▶ Data excerpts
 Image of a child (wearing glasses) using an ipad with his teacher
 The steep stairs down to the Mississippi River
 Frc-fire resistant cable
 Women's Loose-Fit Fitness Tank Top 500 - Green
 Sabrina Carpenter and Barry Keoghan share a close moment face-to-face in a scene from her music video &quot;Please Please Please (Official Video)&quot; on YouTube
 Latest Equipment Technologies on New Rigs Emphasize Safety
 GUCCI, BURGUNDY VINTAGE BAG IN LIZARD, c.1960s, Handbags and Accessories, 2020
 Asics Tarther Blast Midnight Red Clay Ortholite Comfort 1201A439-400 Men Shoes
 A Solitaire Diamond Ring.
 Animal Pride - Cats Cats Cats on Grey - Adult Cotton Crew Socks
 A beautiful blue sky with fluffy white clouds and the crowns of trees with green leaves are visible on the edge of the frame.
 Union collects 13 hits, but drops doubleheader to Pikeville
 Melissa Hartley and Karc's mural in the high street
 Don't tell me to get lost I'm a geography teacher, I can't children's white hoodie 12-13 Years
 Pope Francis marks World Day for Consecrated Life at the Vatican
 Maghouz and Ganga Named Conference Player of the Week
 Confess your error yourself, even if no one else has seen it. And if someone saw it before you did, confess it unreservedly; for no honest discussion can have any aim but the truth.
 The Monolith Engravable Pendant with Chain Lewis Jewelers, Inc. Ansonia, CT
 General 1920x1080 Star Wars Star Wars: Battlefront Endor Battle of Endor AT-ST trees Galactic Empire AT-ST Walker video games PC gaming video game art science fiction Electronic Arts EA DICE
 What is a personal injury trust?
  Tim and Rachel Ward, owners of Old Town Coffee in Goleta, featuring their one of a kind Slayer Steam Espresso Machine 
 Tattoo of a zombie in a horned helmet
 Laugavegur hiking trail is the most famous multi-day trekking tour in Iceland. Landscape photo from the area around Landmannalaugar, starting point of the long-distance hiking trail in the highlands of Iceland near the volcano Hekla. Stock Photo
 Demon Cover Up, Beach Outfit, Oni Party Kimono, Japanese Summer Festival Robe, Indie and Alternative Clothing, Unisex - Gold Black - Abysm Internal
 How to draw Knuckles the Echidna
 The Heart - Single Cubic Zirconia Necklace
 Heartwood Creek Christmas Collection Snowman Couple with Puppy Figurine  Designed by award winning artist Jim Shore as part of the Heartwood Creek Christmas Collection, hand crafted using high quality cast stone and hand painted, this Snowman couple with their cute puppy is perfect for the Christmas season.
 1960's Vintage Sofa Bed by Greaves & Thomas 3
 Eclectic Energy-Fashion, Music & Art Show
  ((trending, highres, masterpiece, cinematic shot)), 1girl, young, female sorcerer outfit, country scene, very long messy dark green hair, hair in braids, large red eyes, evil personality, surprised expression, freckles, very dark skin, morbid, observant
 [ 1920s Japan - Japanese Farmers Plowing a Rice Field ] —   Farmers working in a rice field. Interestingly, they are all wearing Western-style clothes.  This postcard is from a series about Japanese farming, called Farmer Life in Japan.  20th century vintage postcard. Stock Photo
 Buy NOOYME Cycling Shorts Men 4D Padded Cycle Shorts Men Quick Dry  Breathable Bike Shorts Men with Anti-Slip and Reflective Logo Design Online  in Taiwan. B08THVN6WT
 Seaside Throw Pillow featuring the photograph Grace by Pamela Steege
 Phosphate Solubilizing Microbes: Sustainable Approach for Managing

▶ What you need to do
In the listing above, start at the line with "Confess your error", go on through the line with "The Monolith Engravable", and copy each of those lines exactly; leave out all the rest.

▶ Solved problem
 Confess your error yourself, even if no one else has seen it. And if someone saw it before you did, confess it unreservedly; for no honest discussion can have any aim but the truth.
 The Monolith Engravable Pendant with Chain Lewis Jewelers, Inc. Ansonia, CT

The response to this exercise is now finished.